[Exercise directions]: In the records below, repeat exactly the lines between the line holding "TRYING TO BEAT THE SUNDOWN,,,17/09/16" and the line holding "نظارات شمسية دائرية بإطار رخامي", inclusive, and drop the pictures.

[Information provided]:

◆ ◆ ◆ ◆ ◆ ◆ ◆

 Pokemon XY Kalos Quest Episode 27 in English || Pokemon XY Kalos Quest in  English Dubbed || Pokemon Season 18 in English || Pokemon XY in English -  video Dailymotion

◆ ◆ ◆ ◆ ◆ ◆ ◆

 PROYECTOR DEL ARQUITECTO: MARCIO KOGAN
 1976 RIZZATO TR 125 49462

◆ ◆ ◆ ◆ ◆ ◆ ◆

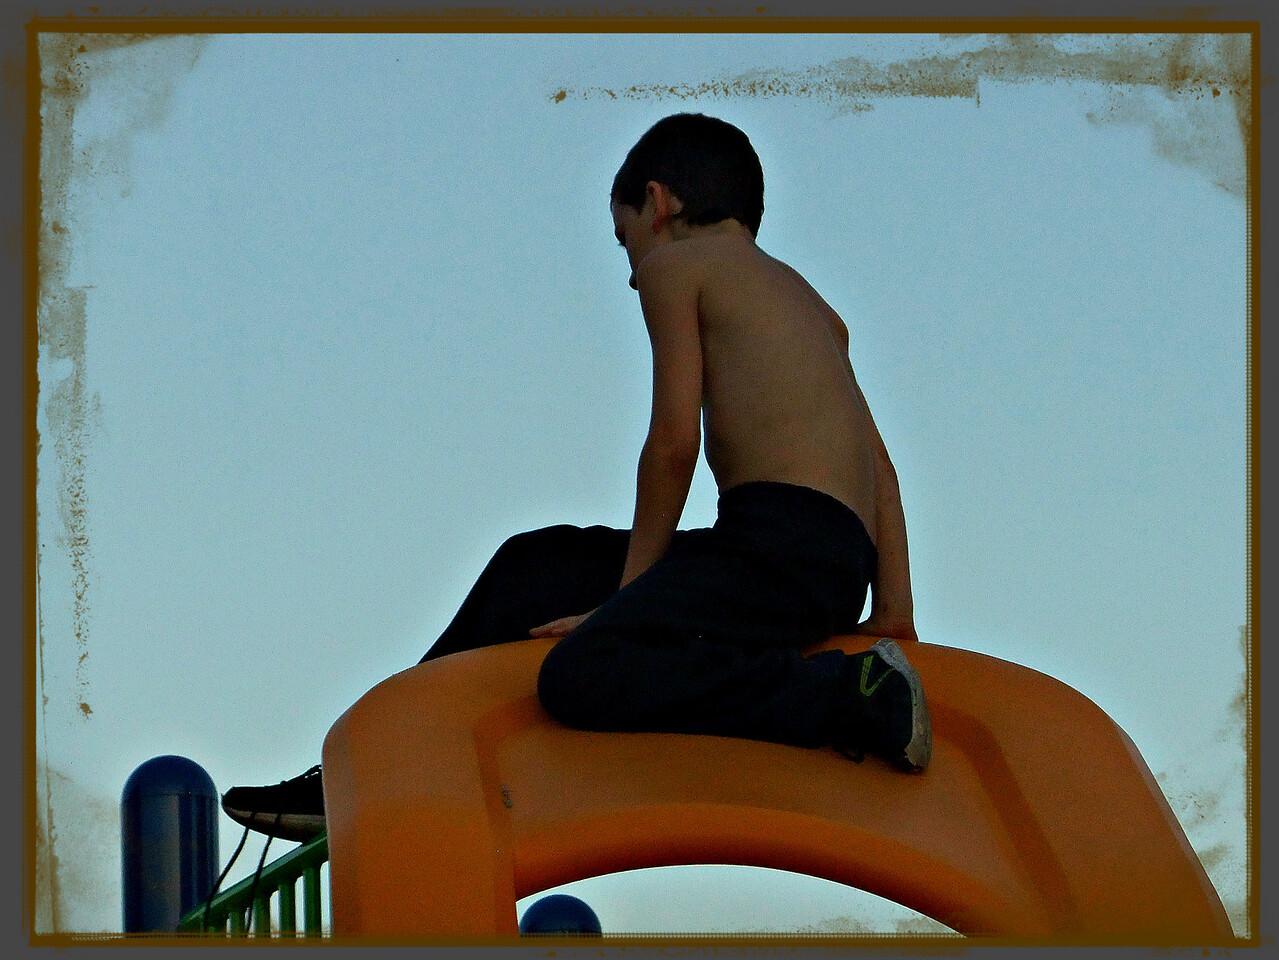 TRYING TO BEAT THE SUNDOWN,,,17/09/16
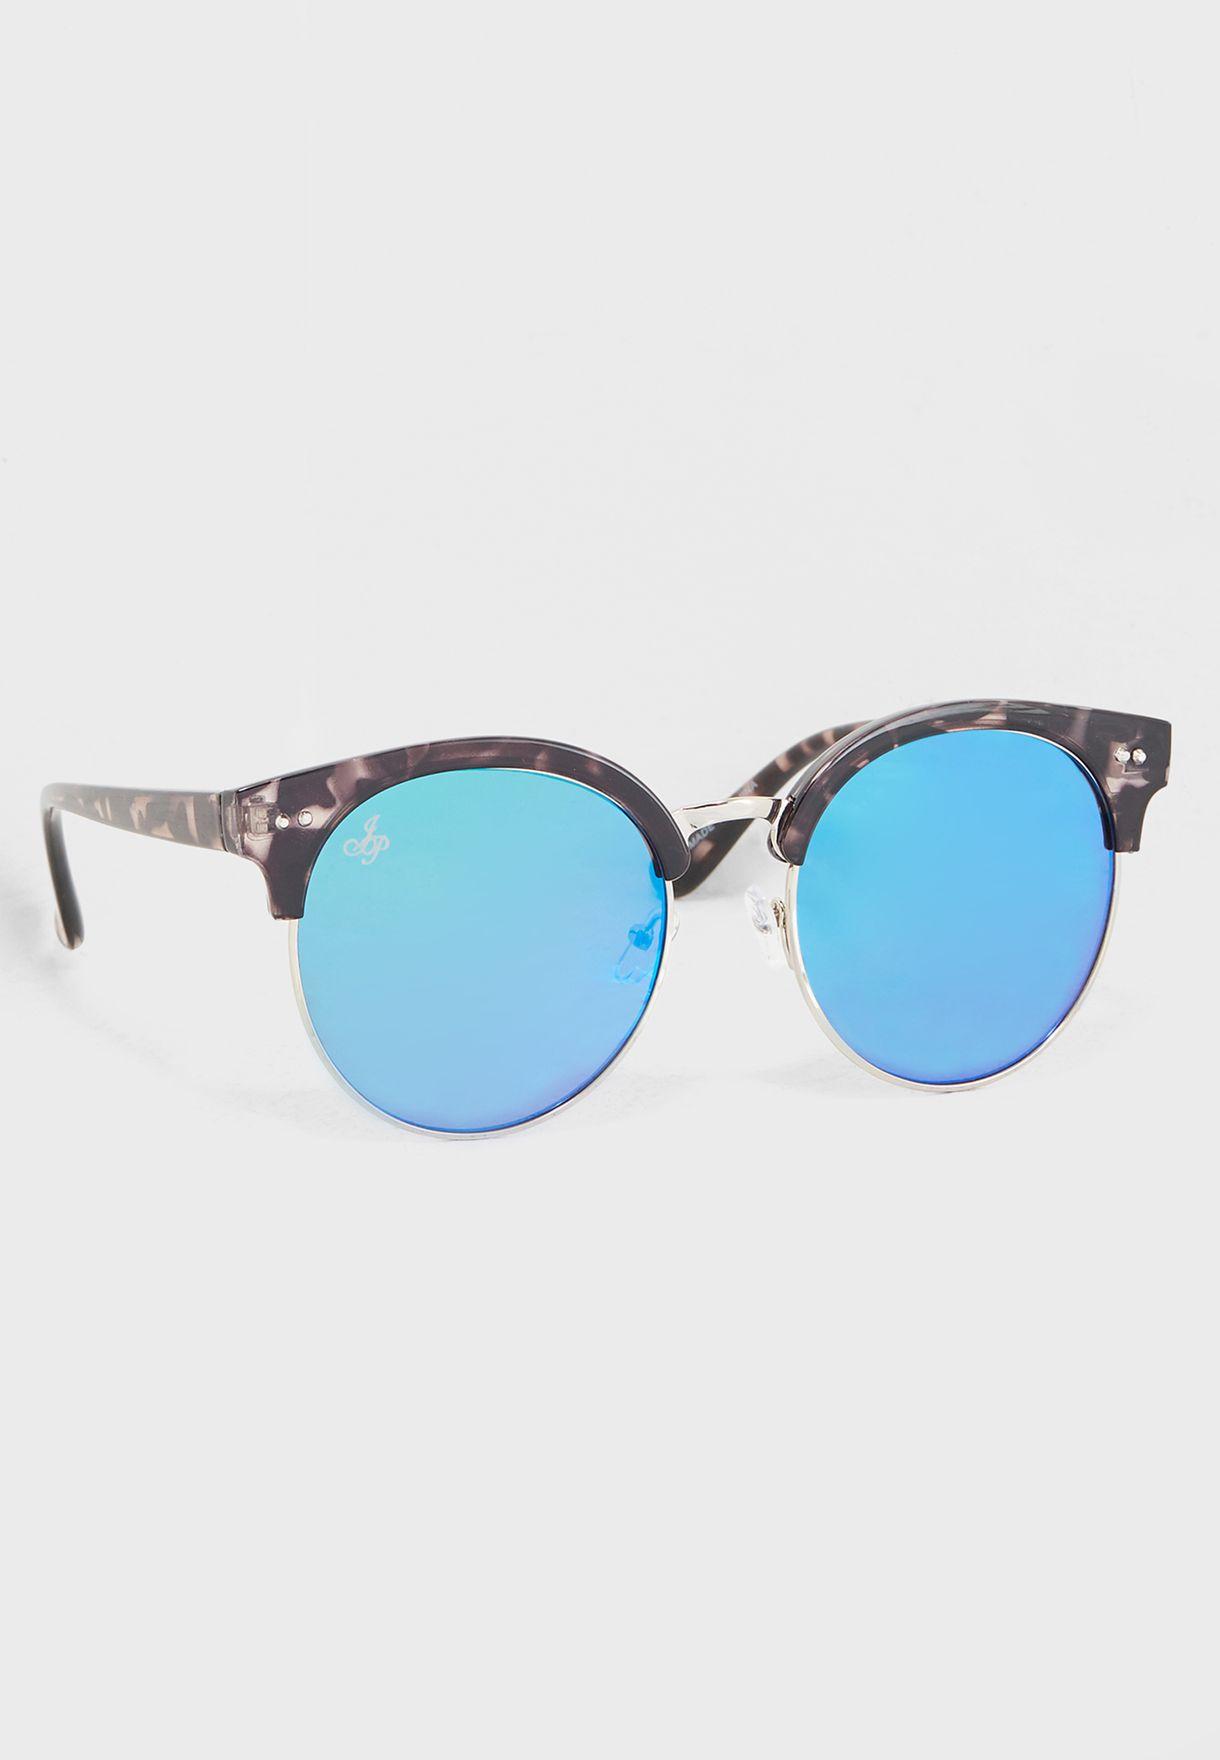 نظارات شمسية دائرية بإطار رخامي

◆ ◆ ◆ ◆ ◆ ◆ ◆

[Answer for this exercise]:
 TRYING TO BEAT THE SUNDOWN,,,17/09/16
 نظارات شمسية دائرية بإطار رخامي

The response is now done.